El mármol del piso irradiaba un frío elegante que contrastaba con el sol cálido que se colaba por los ventanales. La mansión tenía ese tipo de lujo que no hacía ruido: arte colgado con discreta maestría, muebles minimalistas, lámparas de cristal con bombillas de temperatura exacta. Ni un solo objeto fuera de lugar. Ni un cojín ladeado. Ni un vaso mal colocado. Una belleza pulcra, casi clínica.
Julia observaba la piscina desde la cocina abierta al salón. Acariciaba con las yemas de los dedos la taza de café negro que reposaba entre sus manos. Vestía una bata de seda color champán que le ceñía la cintura y dejaba ver la curva de sus clavículas. Su cabello castaño estaba recogido en un moño bajo, con algunos mechones escapándose deliberadamente, como si se negara a ser tan perfecta como el entorno.
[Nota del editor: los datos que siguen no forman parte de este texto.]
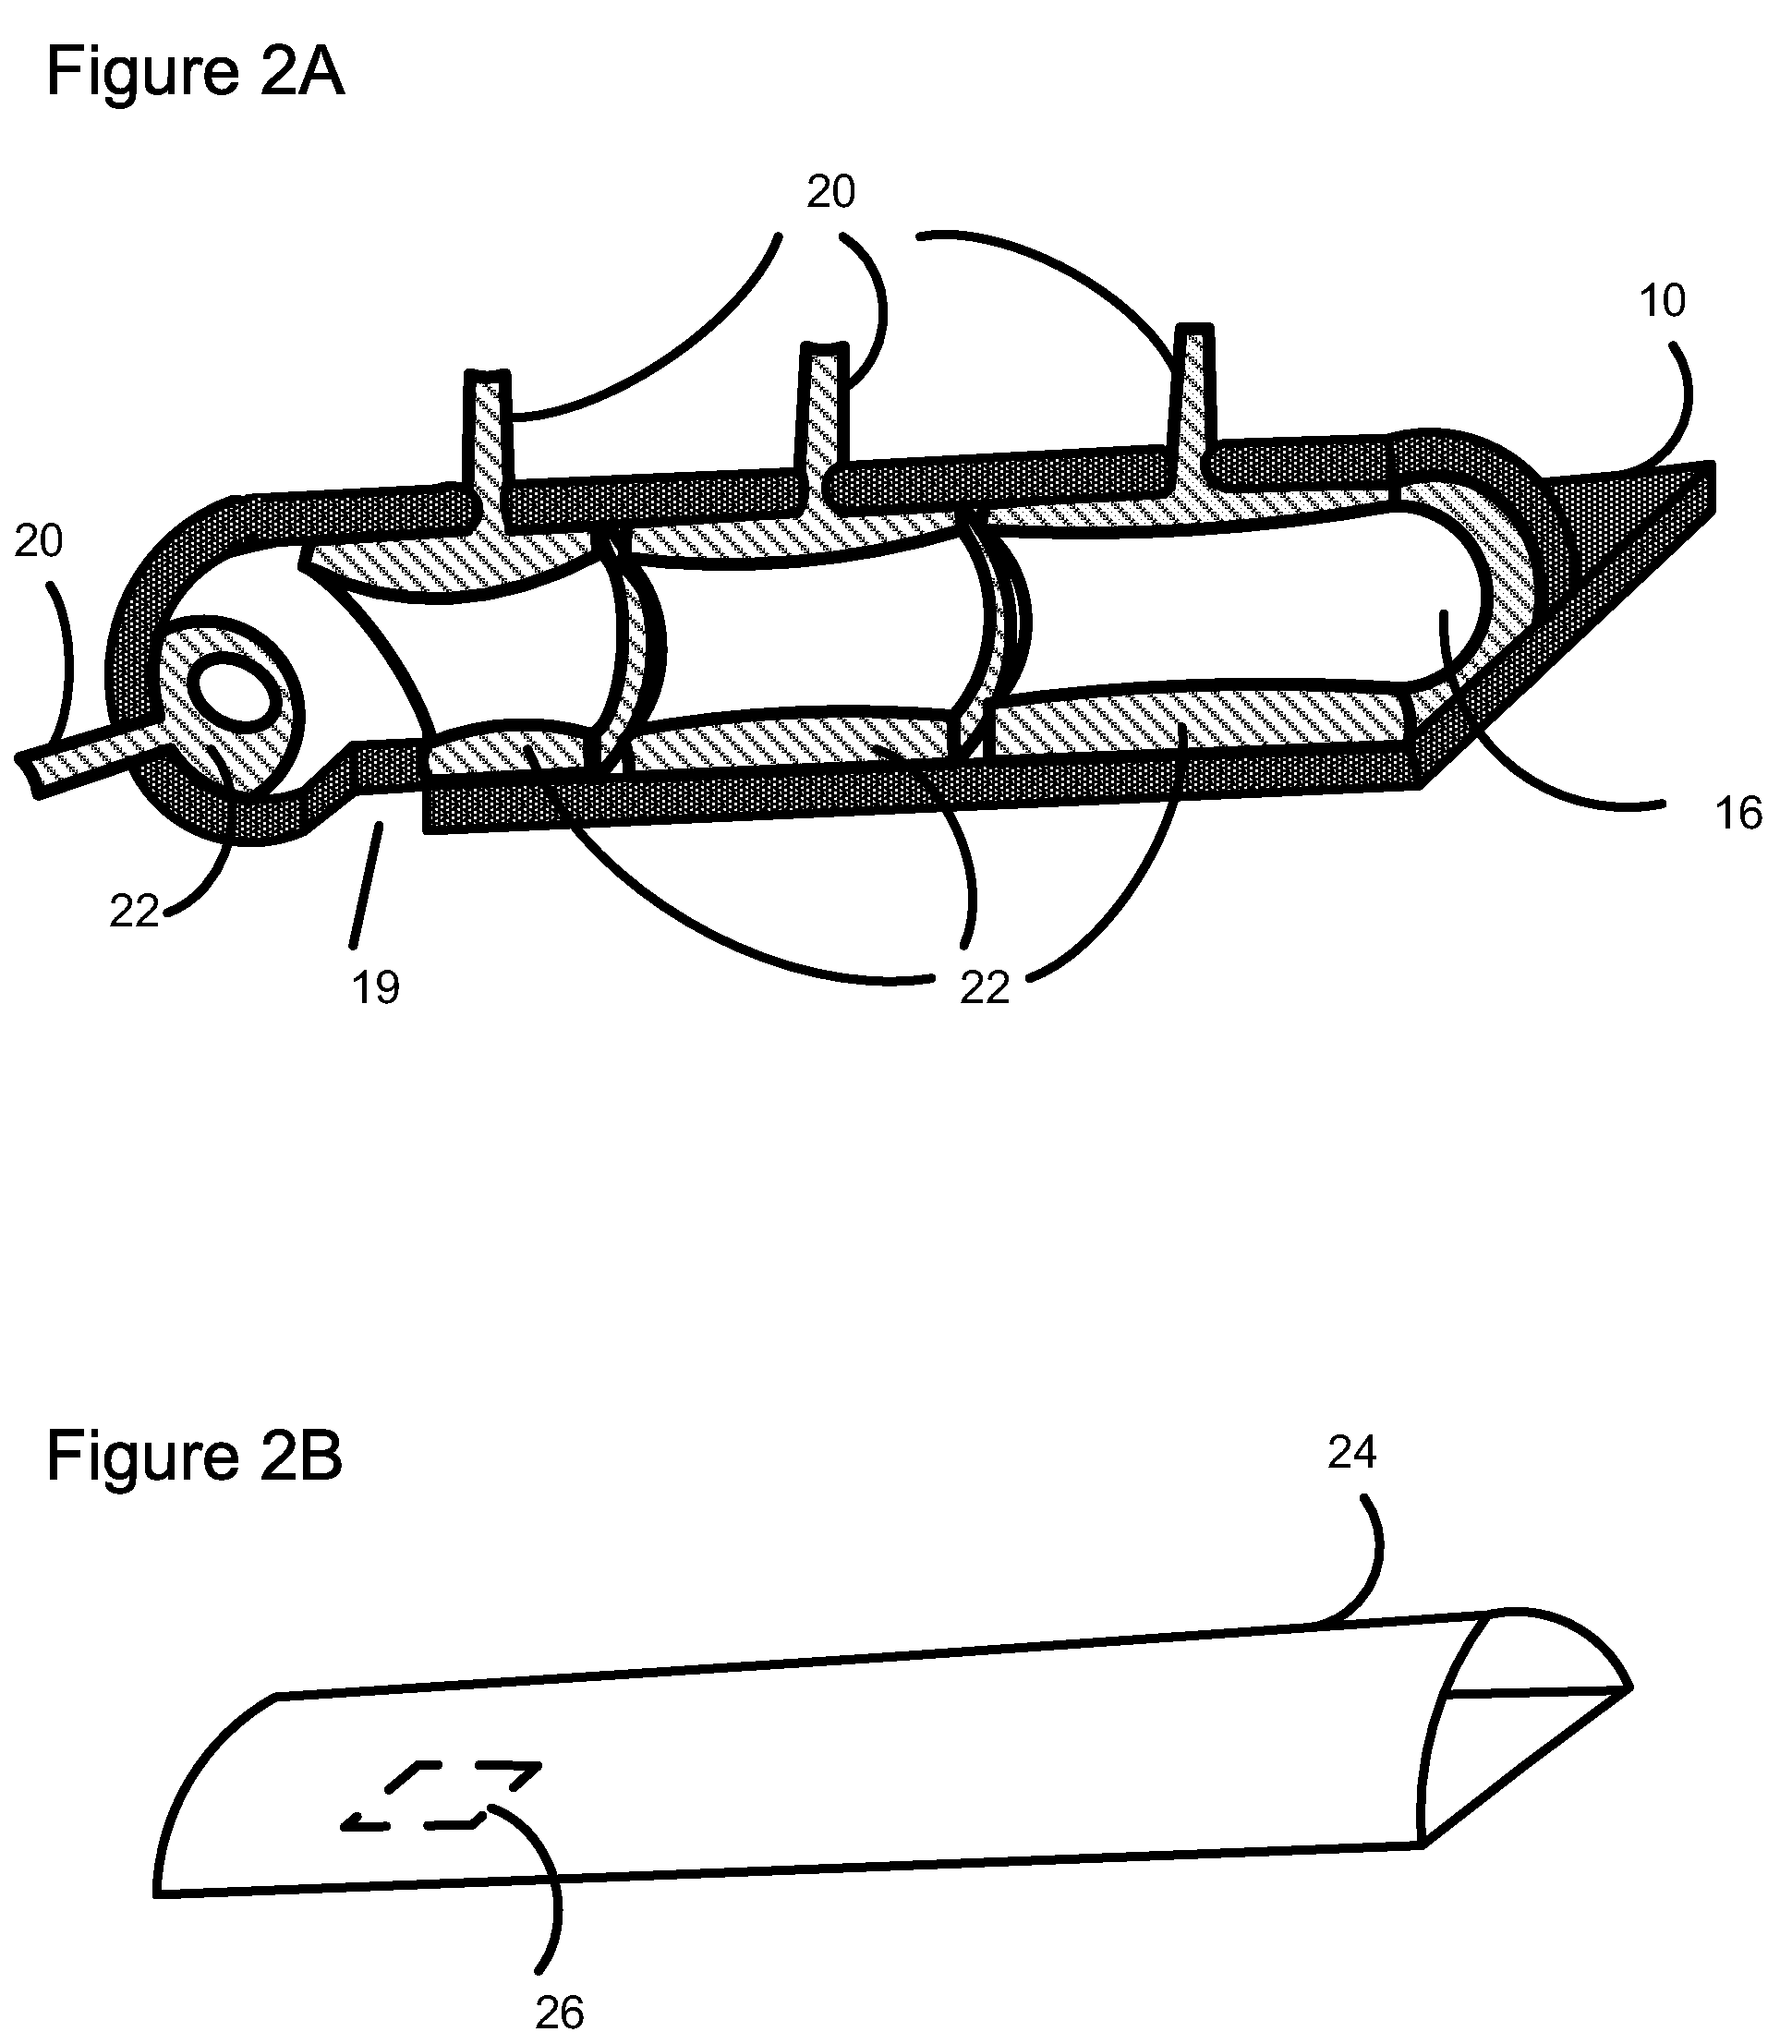 Methods and apparatus for blood sampling

Eran las 7:08 de la mañana. En seis minutos, Álvaro bajaría las escaleras. Siempre lo hacía a las 7:14. Con el mismo paso seguro, medido, sin un solo crujido en la madera. Con el celular en la mano derecha, ya conectado a su primera reunión del día. El desayuno, si lo tomaba, era agua con limón y una tostada con aguacate, sin sal. Ella no recordaba cuándo había compartido un desayuno con él donde se miraran a los ojos.
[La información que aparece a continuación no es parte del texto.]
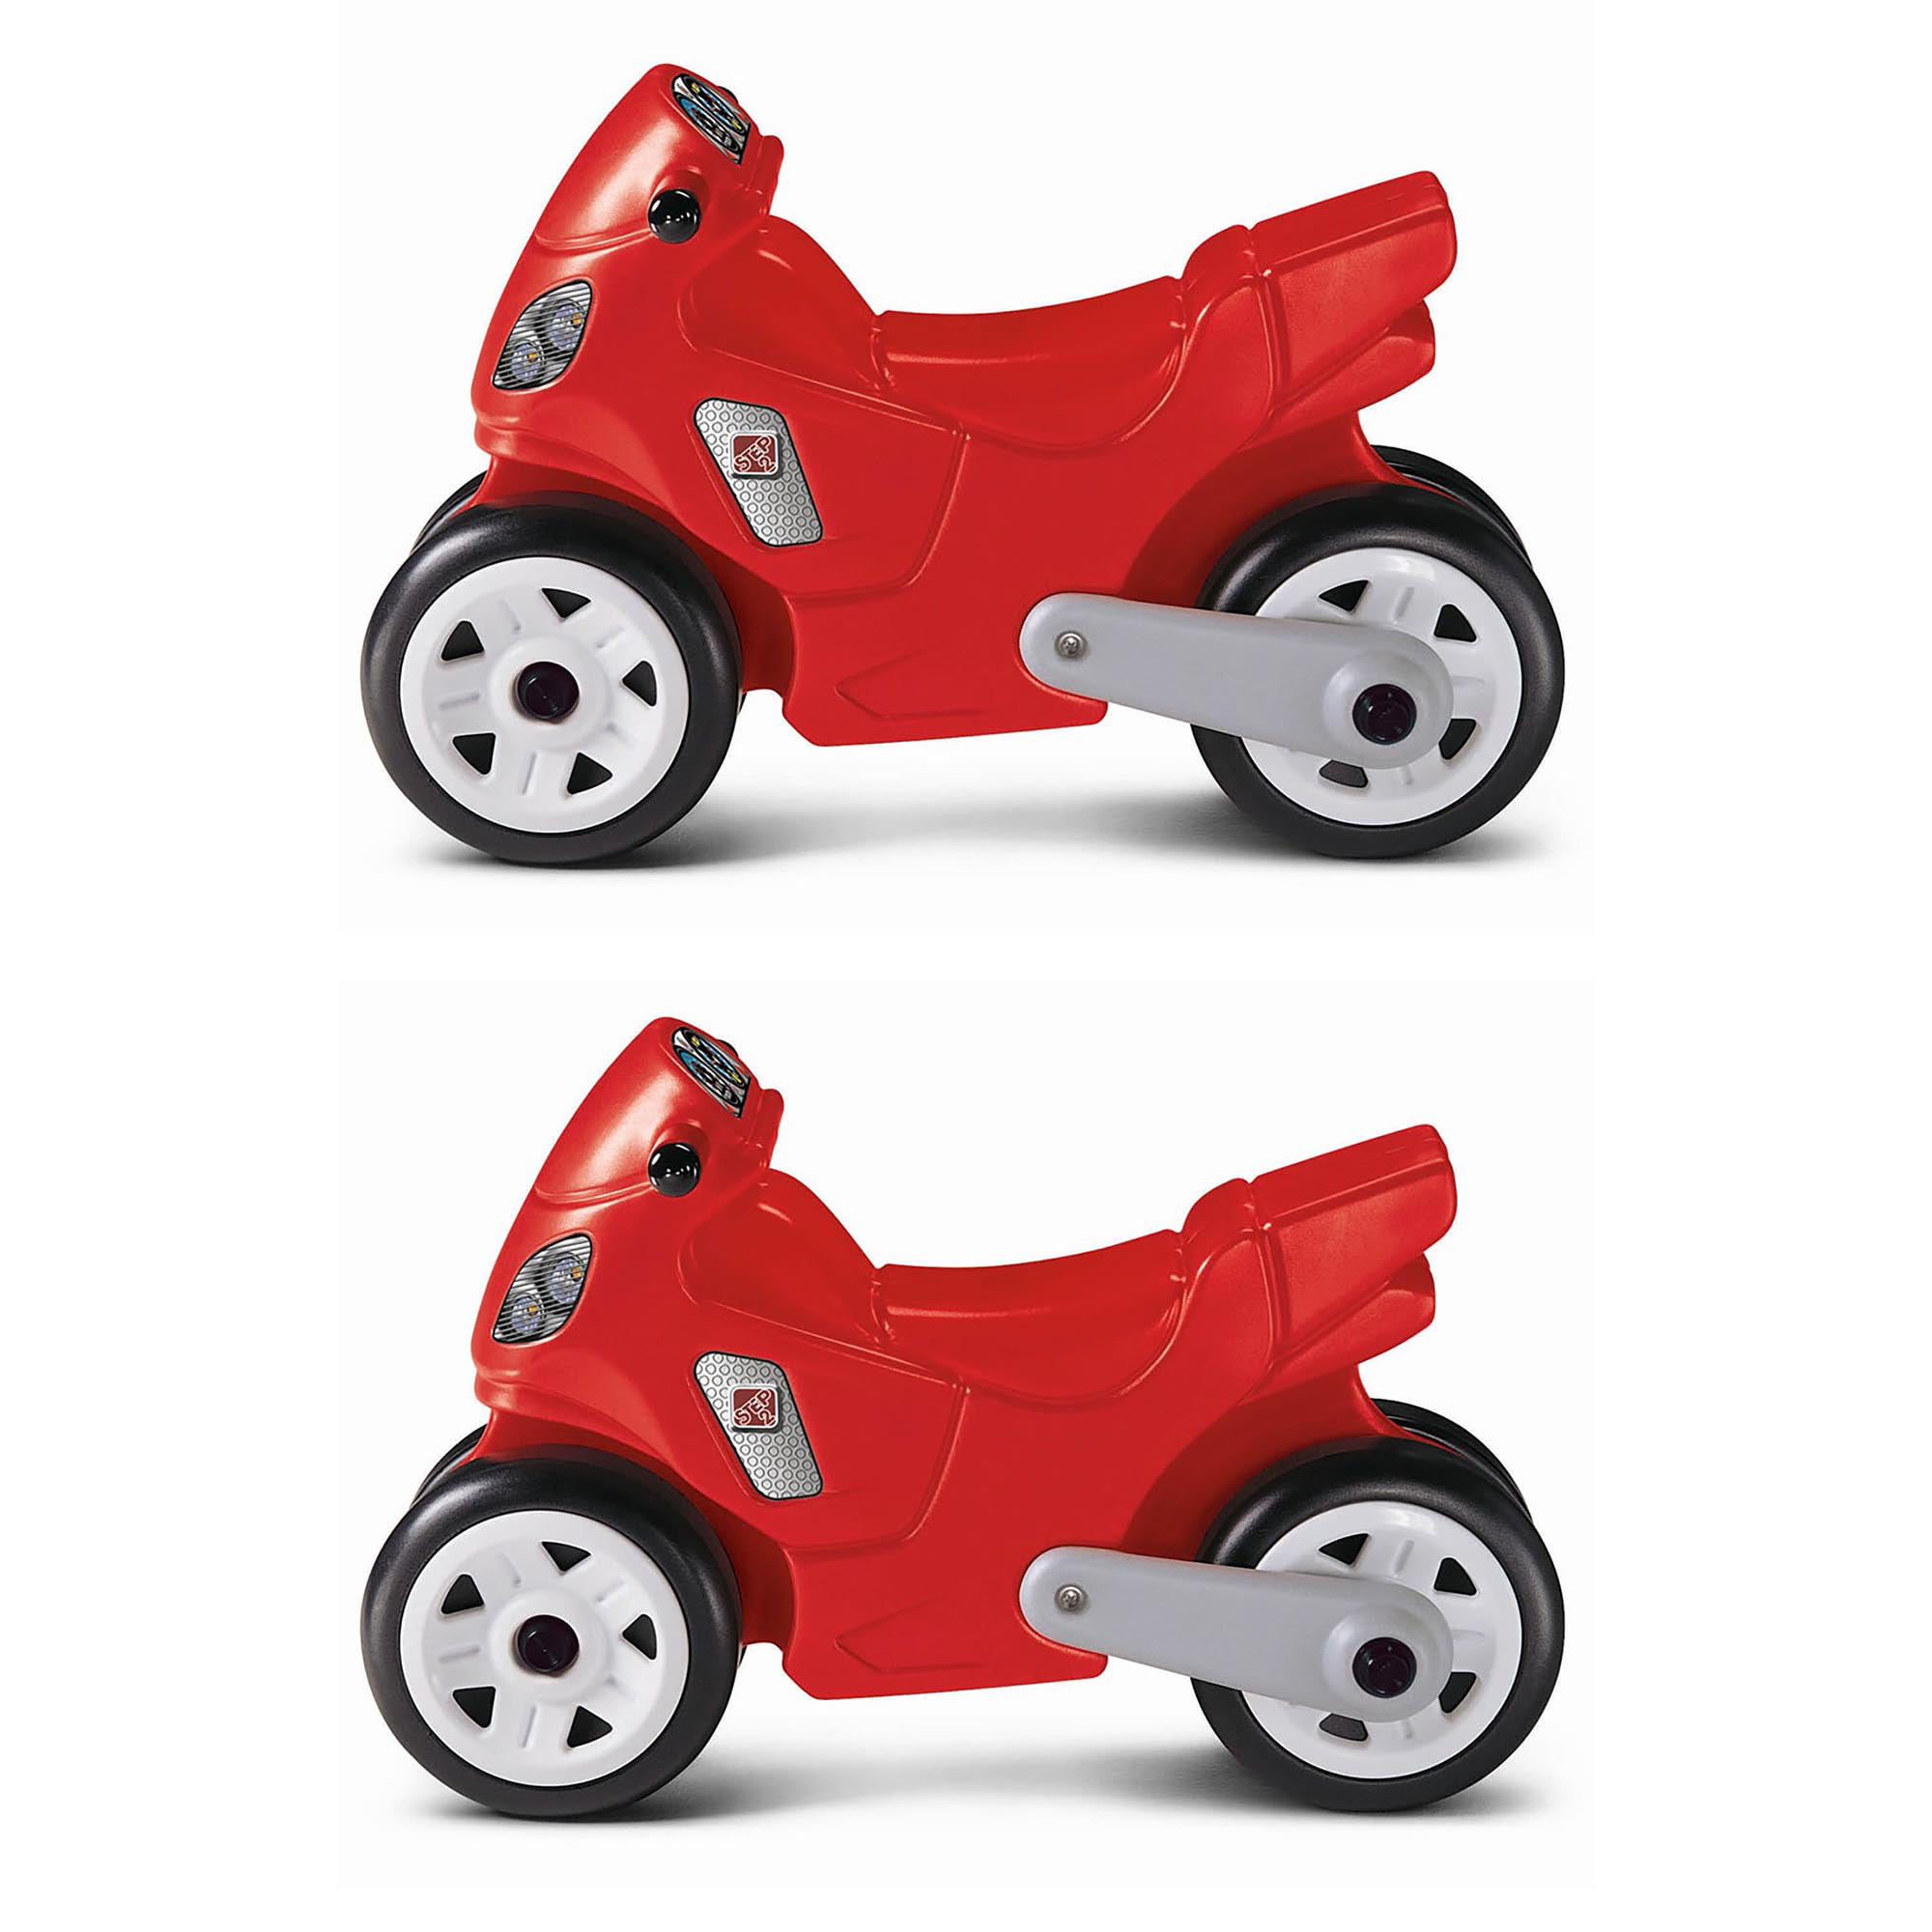 Step2 Motorcycle Red Kids Ride-on Bike Outdoor Play Toy for sale online

Puntual como un mecanismo de relojería suiza, él apareció. Traje gris antracita, camisa blanca sin una arruga, reloj Patek Philippe que brillaba bajo la luz cálida del comedor. Revisaba su móvil con la concentración quirúrgica de un cirujano antes de entrar a quirófano.
—Buenos días —dijo ella, sin girarse del todo.
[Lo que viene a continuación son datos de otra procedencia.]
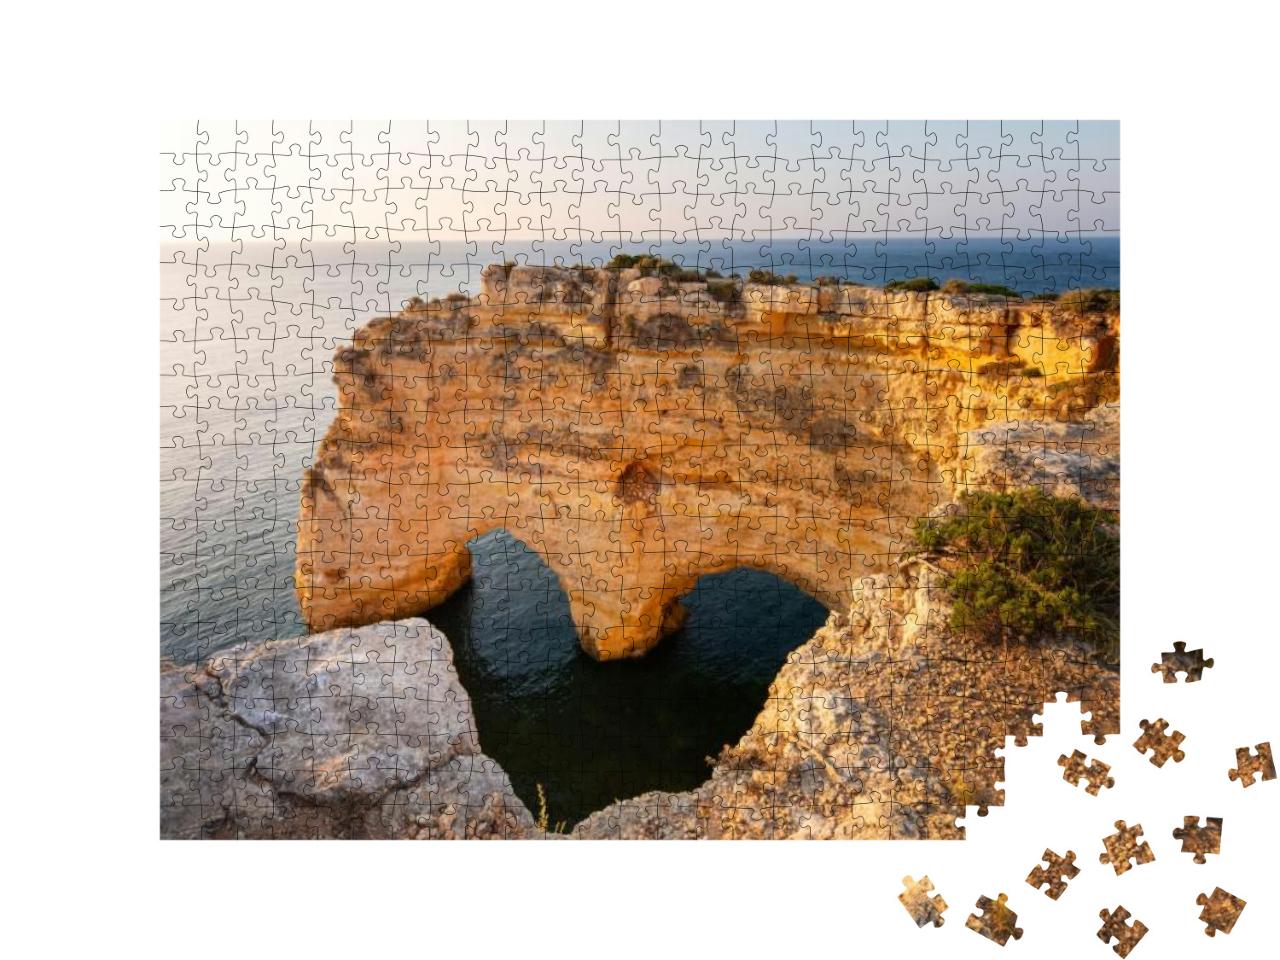 Heart Shaped Cliff in Algarve, Praia Marinha, Portugal... Jigsaw Puzzle with 500 pieces

—Buenos días —respondió él, caminando directo hacia la cafetera automática.
Ella ya había preparado su taza. Él la ignoró y sirvió la suya. Silencio. El tipo de silencio que no nace del descanso, sino de lo no dicho.
—¿Tienes reuniones todo el día? —su esposa rompió la quietud sin esperar una respuesta completa.
—Sí —contestó él sin levantar la vista—. La pasante de administración cometió un error con los informes del oeste. Hoy tenemos que rehacer toda la proyección trimestral. Luego una videollamada con inversores de Singapur.
Asintió lentamente con el cabello medio recogido, dando un sorbo a su café. Notó que estaba más amargo de lo habitual. O quizá era su lengua la que se volvía más áspera con los años. A veces pensaba que su cuerpo entero se estaba convirtiendo en una superficie rugosa. Que el deseo, como el agua en los charcos, se había evaporado bajo el peso de las rutinas.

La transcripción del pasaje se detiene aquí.